А еще я ни черта не ориентируюсь в этой местности – поиски приключений никогда не заводили нас с Зоей так далеко – и едва ли смогу найти дорогу к жилому микрорайону.
Солнце припекает, от кустов смородины и заросших сорняками грядок поднимается пар. Вчерашний ураган разметал по участку пластиковые ведра и садовый инвентарь, потрепал теплицы, разбросал обломки досок и шифера.
Наверное, хозяин дома покинул мир внезапно, так и не завершив начатых дел, а жизнь продолжается. Уже без него. Он любил это место и вкладывал в него душу, а теперь окна его жилища разбиты одним точным ударом кулака, на топчане, где он проводил часы послеобеденного отдыха, плакали, целовались и смотрели безмятежные сны печальные дети, а результаты его трудов медленно, но верно поглощает хаос.
Подставляю лучам опухшее от слез лицо и вглядываюсь в болезненную синеву небес.

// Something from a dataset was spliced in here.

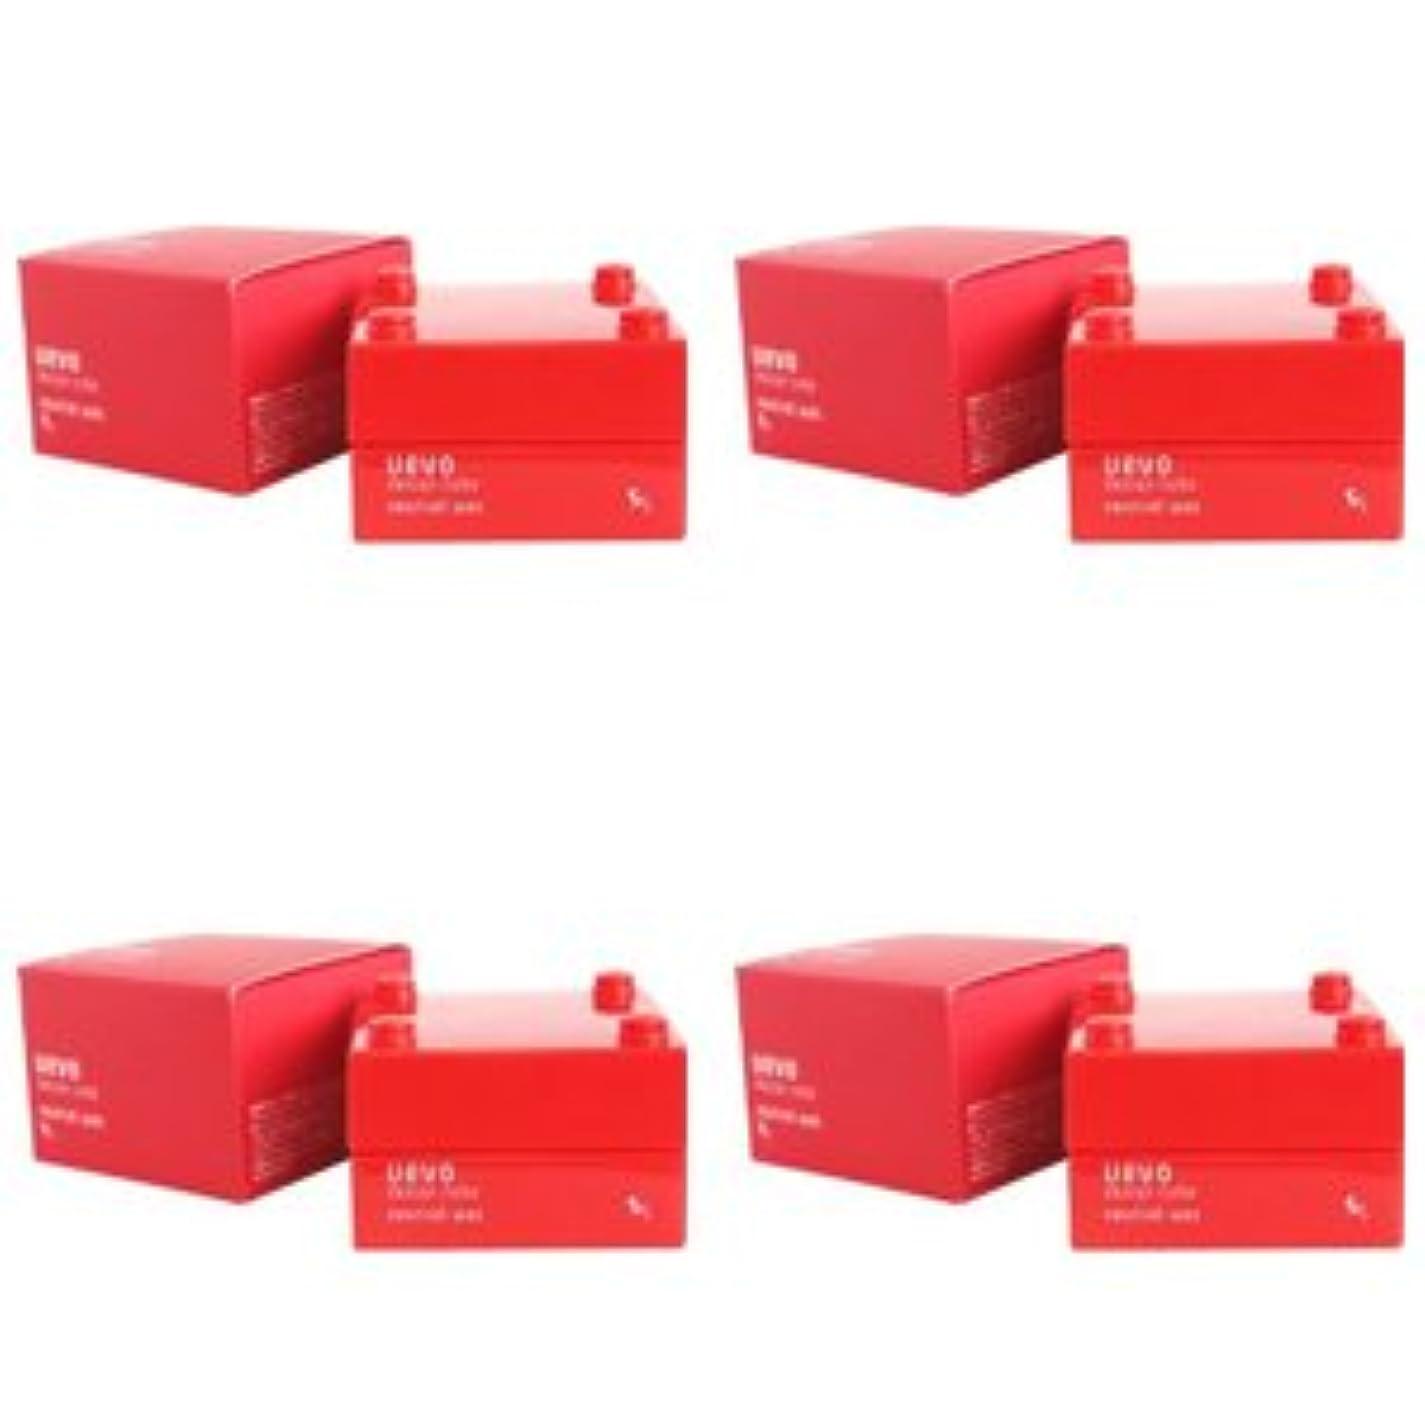 処方思い出す分泌する【X4個セット】 デミ ウェーボ デザインキューブ ニュートラルワックス 30g neutral wax DEMI uevo design cube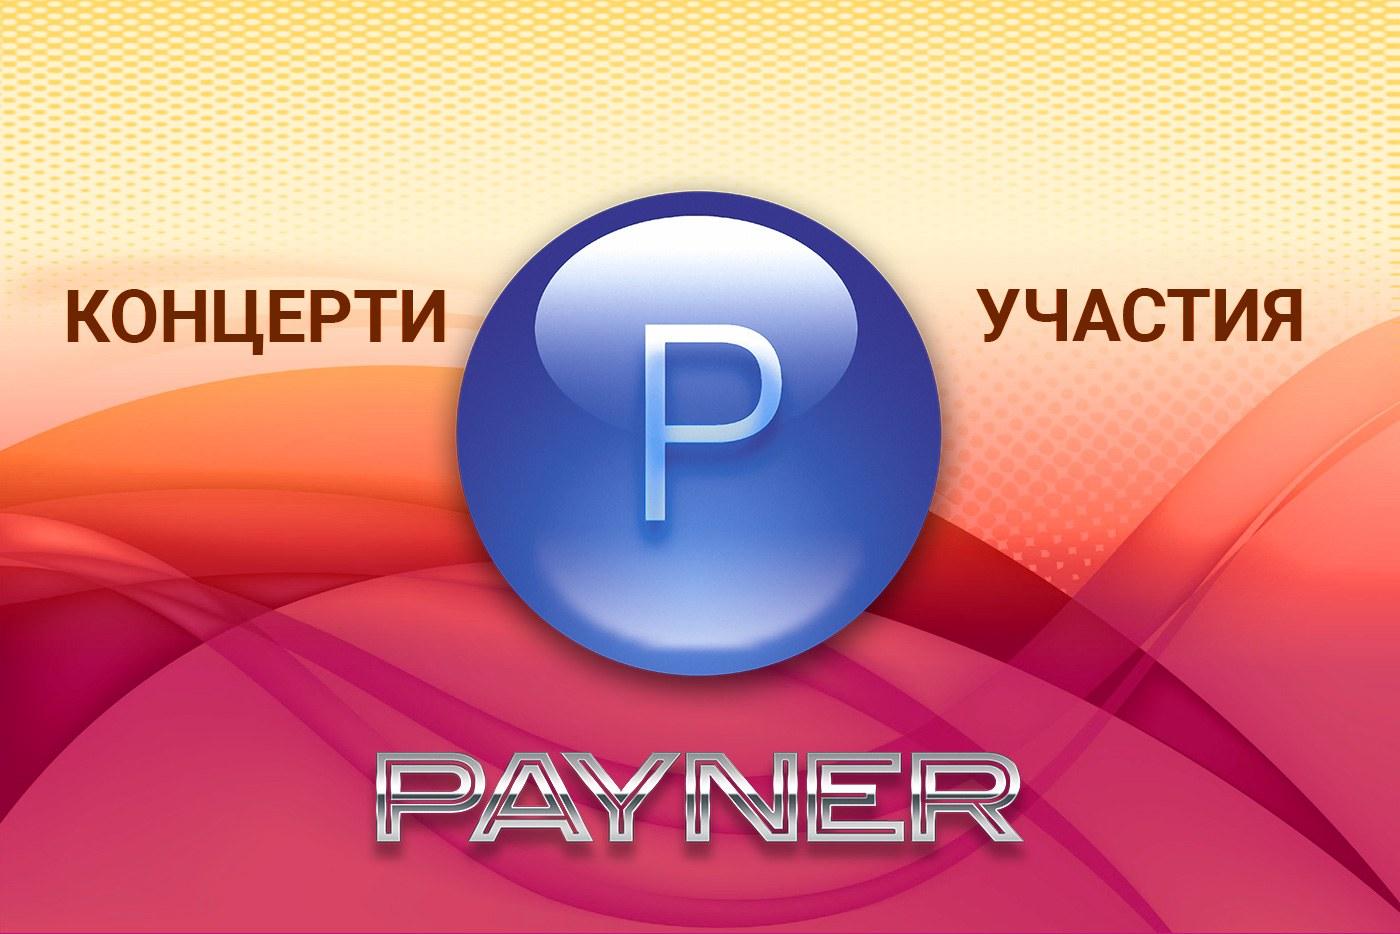 """Участия на звездите на """"Пайнер"""" на 13.10.2018"""

Мне не по себе – кошмарно, мучительно, но я не стану больше убегать. Кит сказал, что никогда не причинит мне боль.
Медленно поднимаюсь, поправляю его футболку и, толкнув локтем дверь, возвращаюсь в прохладу пахнущих сыростью и дымом комнат.
И тут же сдавленно вскрикиваю – неведомая сила тянет меня вниз, и я приземляюсь в угол за клеенчатой ширмой. Теплая ладонь зажимает рот.
– Тихо! – хрипит Кит. – Не дергайся.